* _INFORMATION SUPPLIED_
[Start of section]

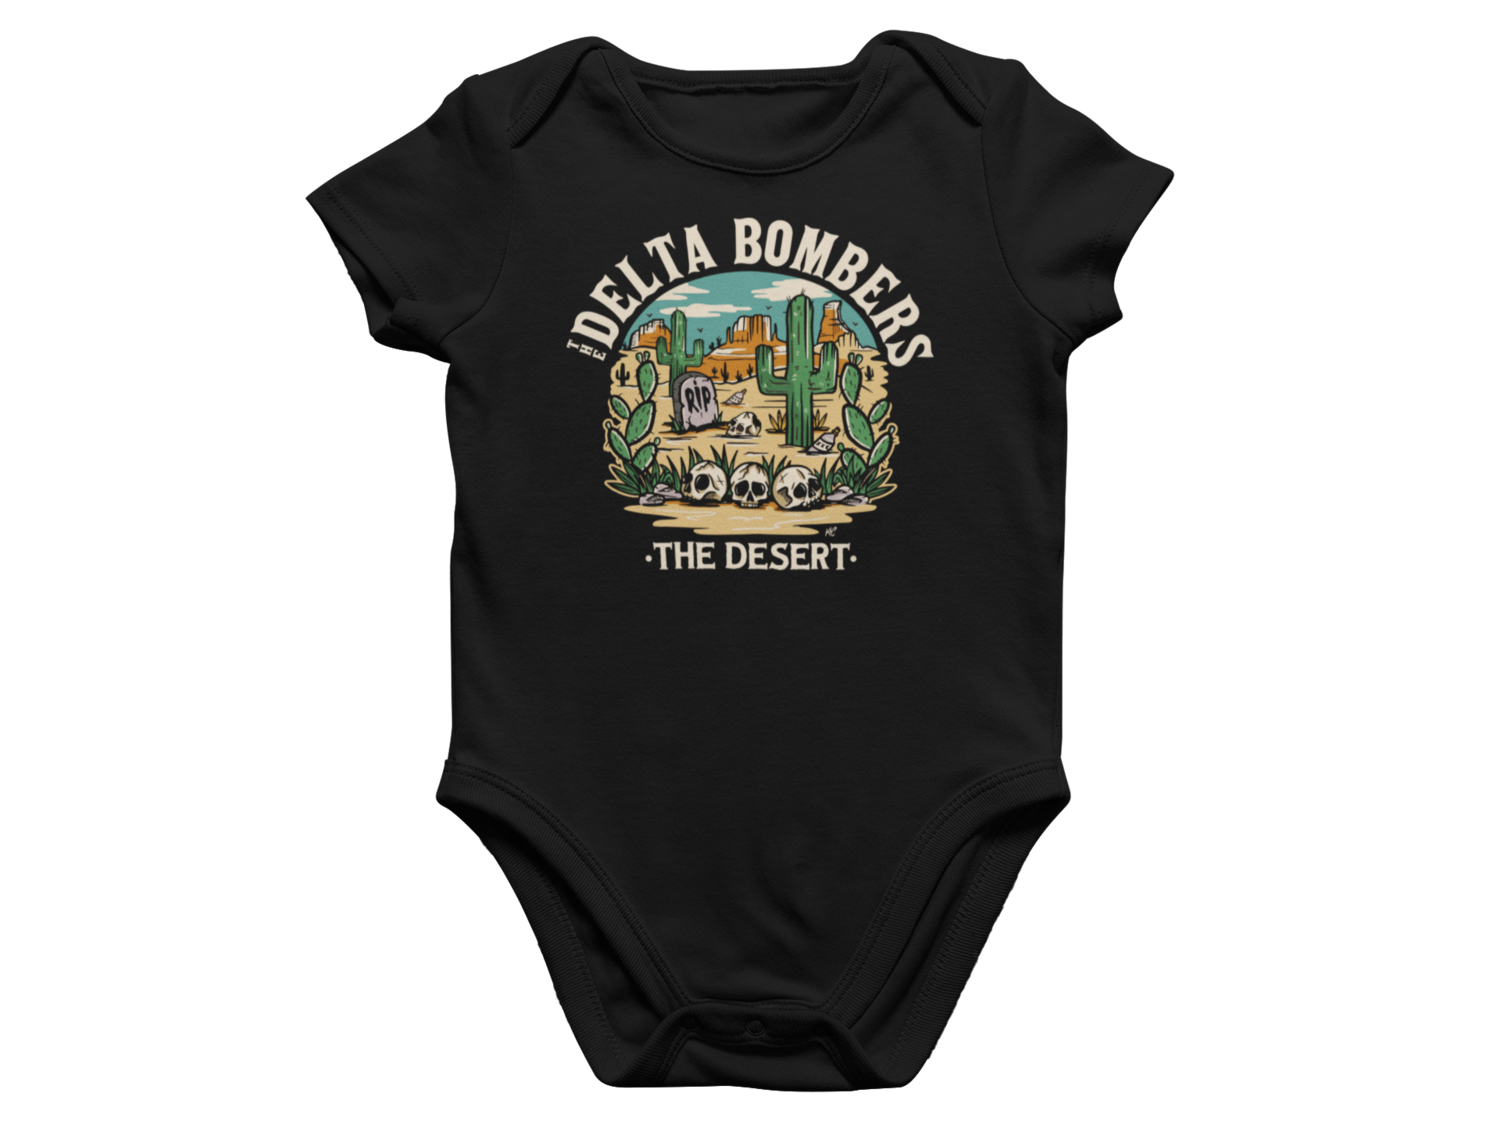 THE DELTA BOMBERS "The desert" BABY ONIESE
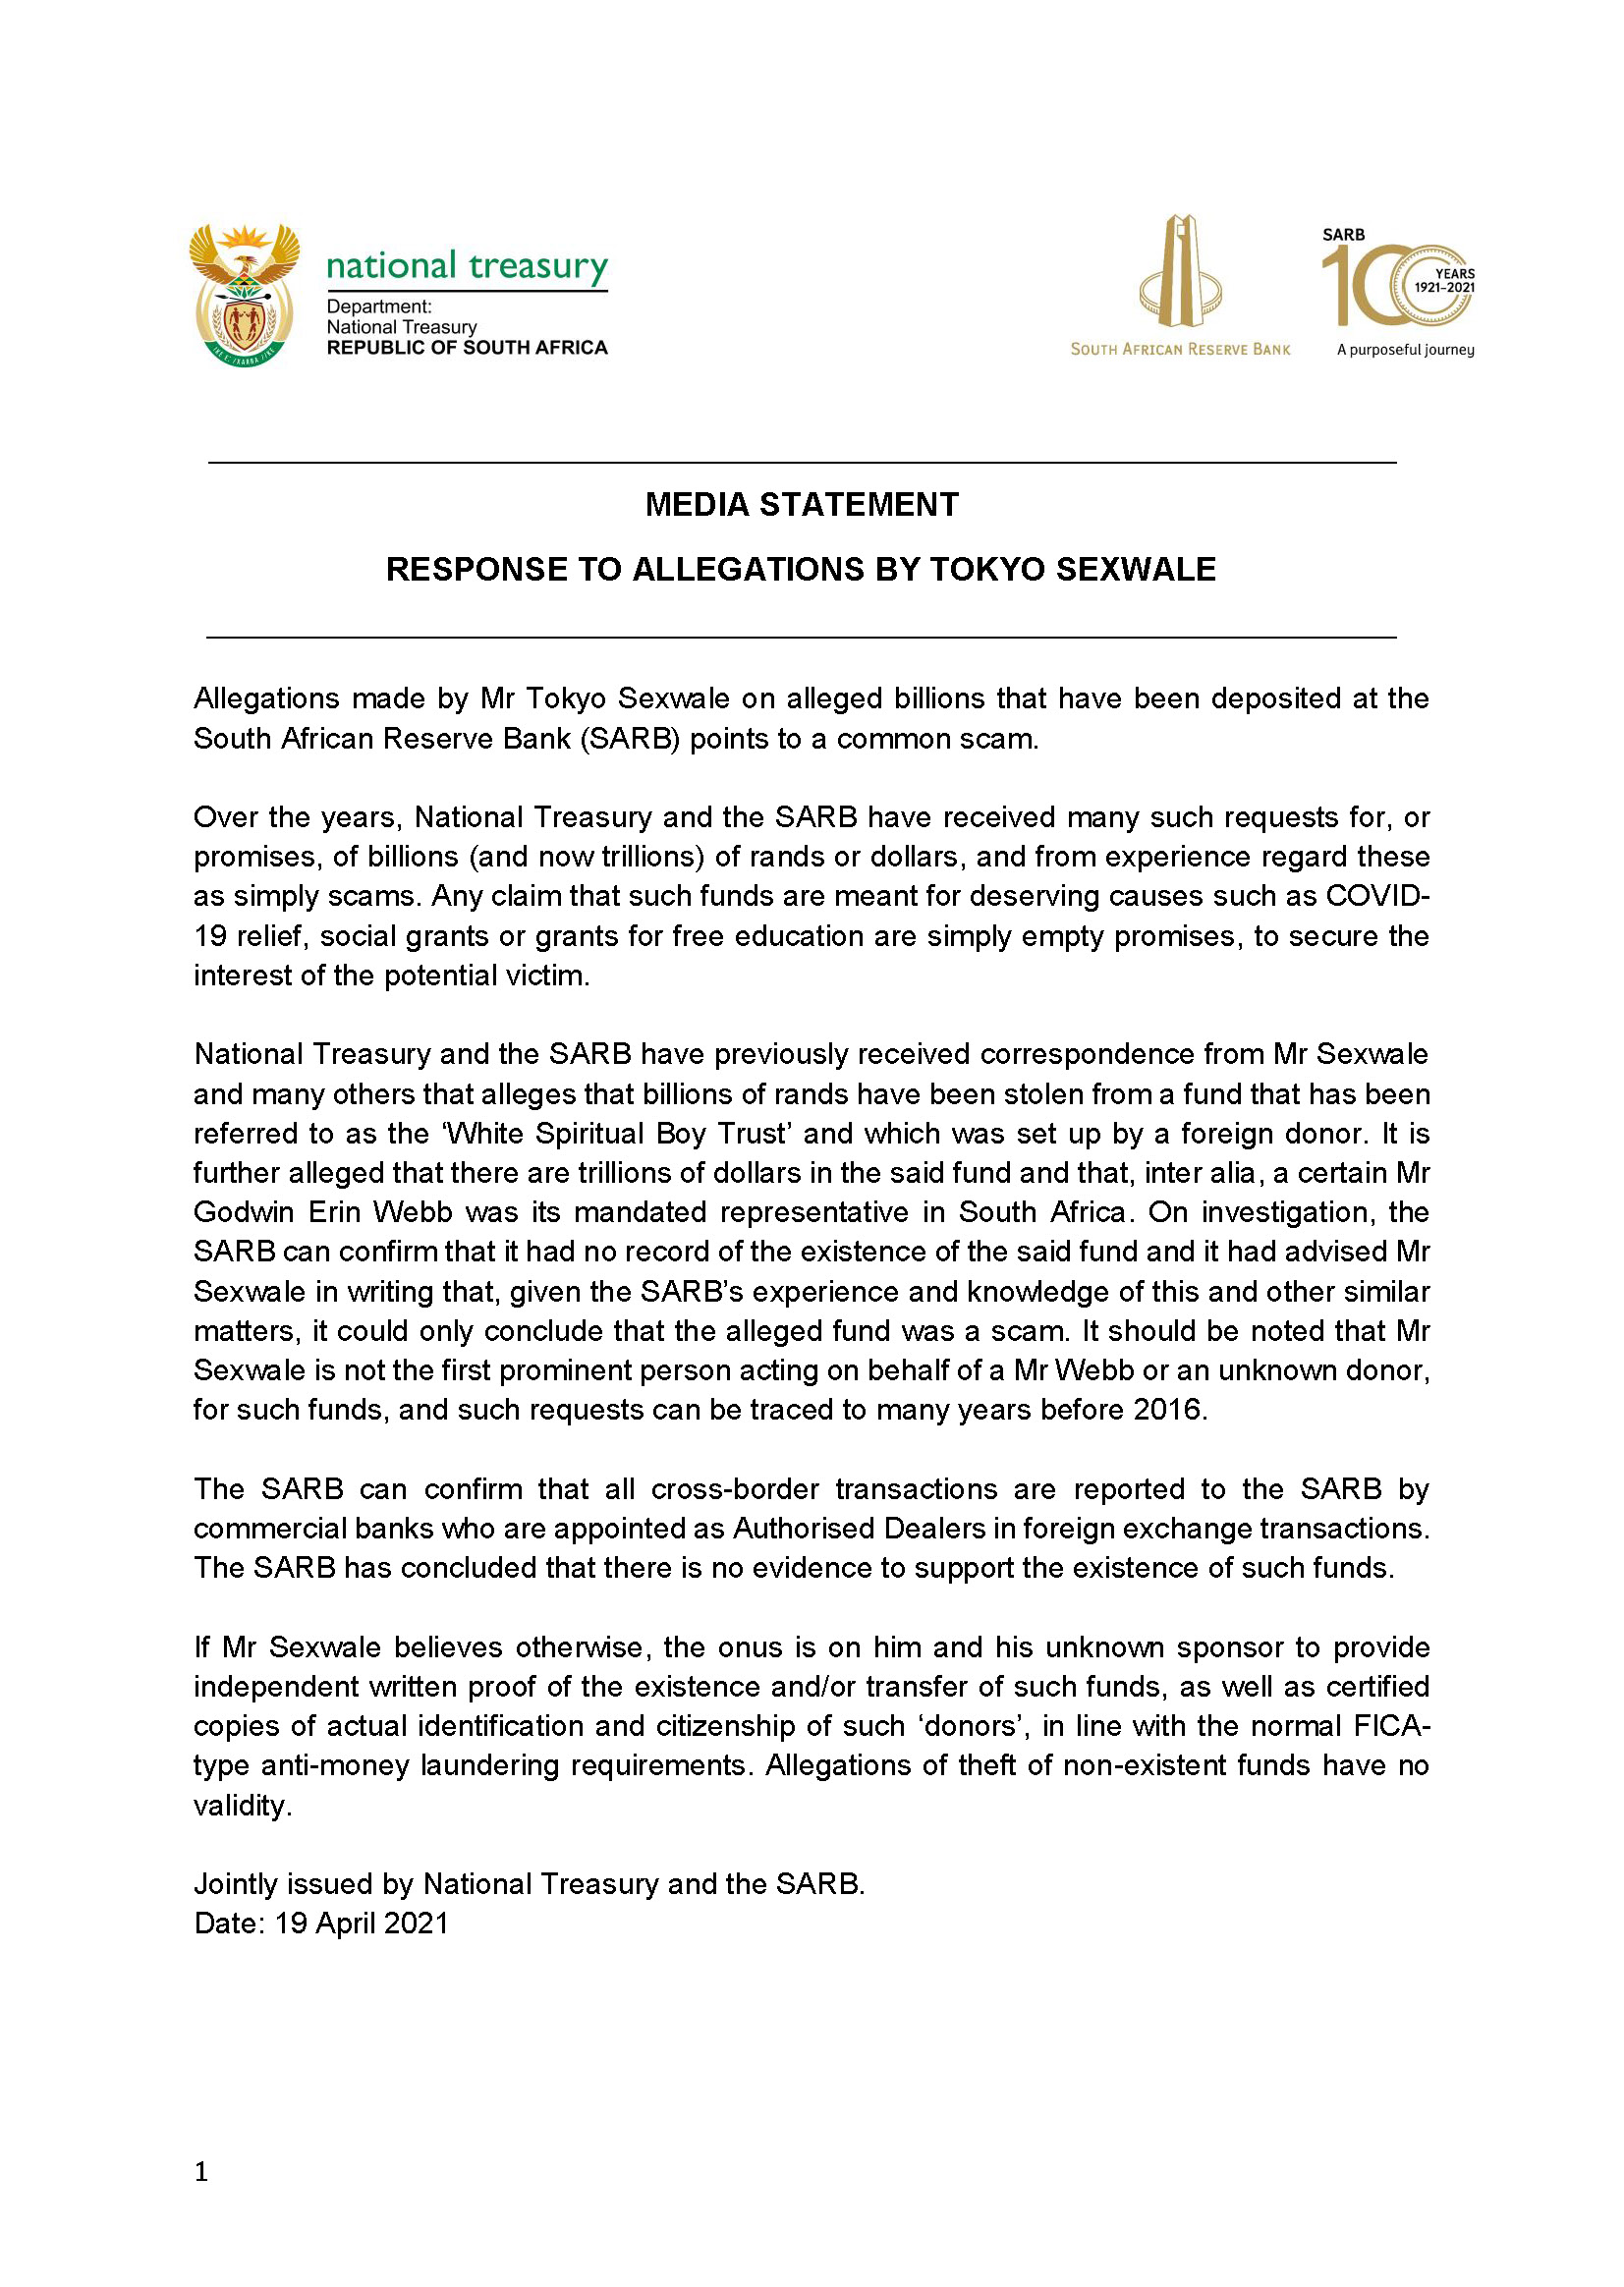 sa reserve bank on twitter media statement treasuryrsa and sareservebank have released a joint response to allegations by mr tokyo sexwale for full https t co s7ejqtmsee amgtqgqyd4 assets liabilities stockholders equity preparation of profit loss account balance sheet
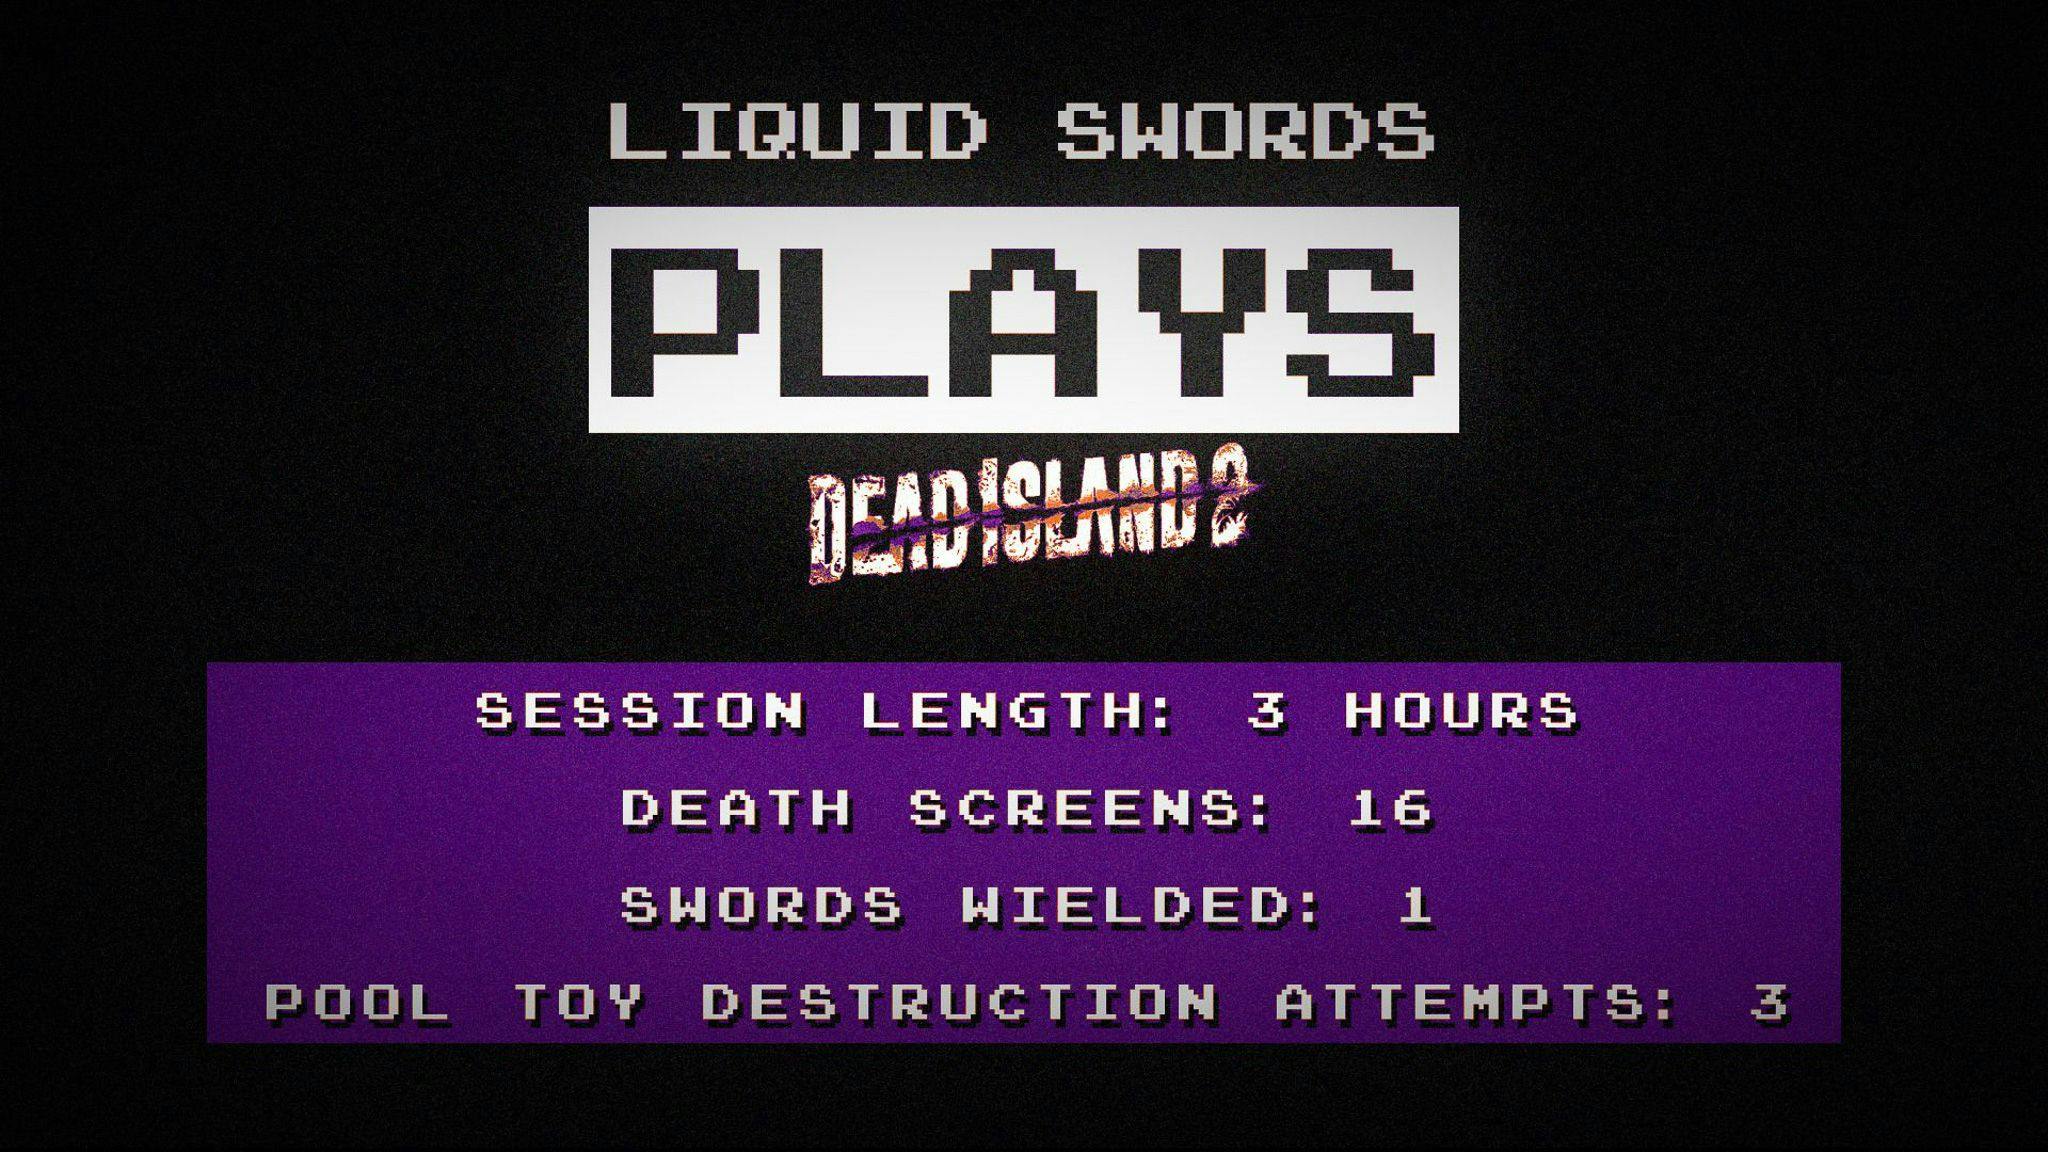 Liquid Swords Plays Dead Island 2. Session length: 3 hours. Death screens: 16. Swords wielded: 1. Pool toy destruction attempts: 3.

[End of section]

* _TASK STATEMENT_
Once the pictures are set aside, retype the rest of the listing exactly.

* _WRITTEN RESPONSE_
 THE DELTA BOMBERS "The desert" BABY ONIESE
 sa reserve bank on twitter media statement treasuryrsa and sareservebank have released a joint response to allegations by mr tokyo sexwale for full https t co s7ejqtmsee amgtqgqyd4 assets liabilities stockholders equity preparation of profit loss account balance sheet
 Liquid Swords Plays Dead Island 2. Session length: 3 hours. Death screens: 16. Swords wielded: 1. Pool toy destruction attempts: 3.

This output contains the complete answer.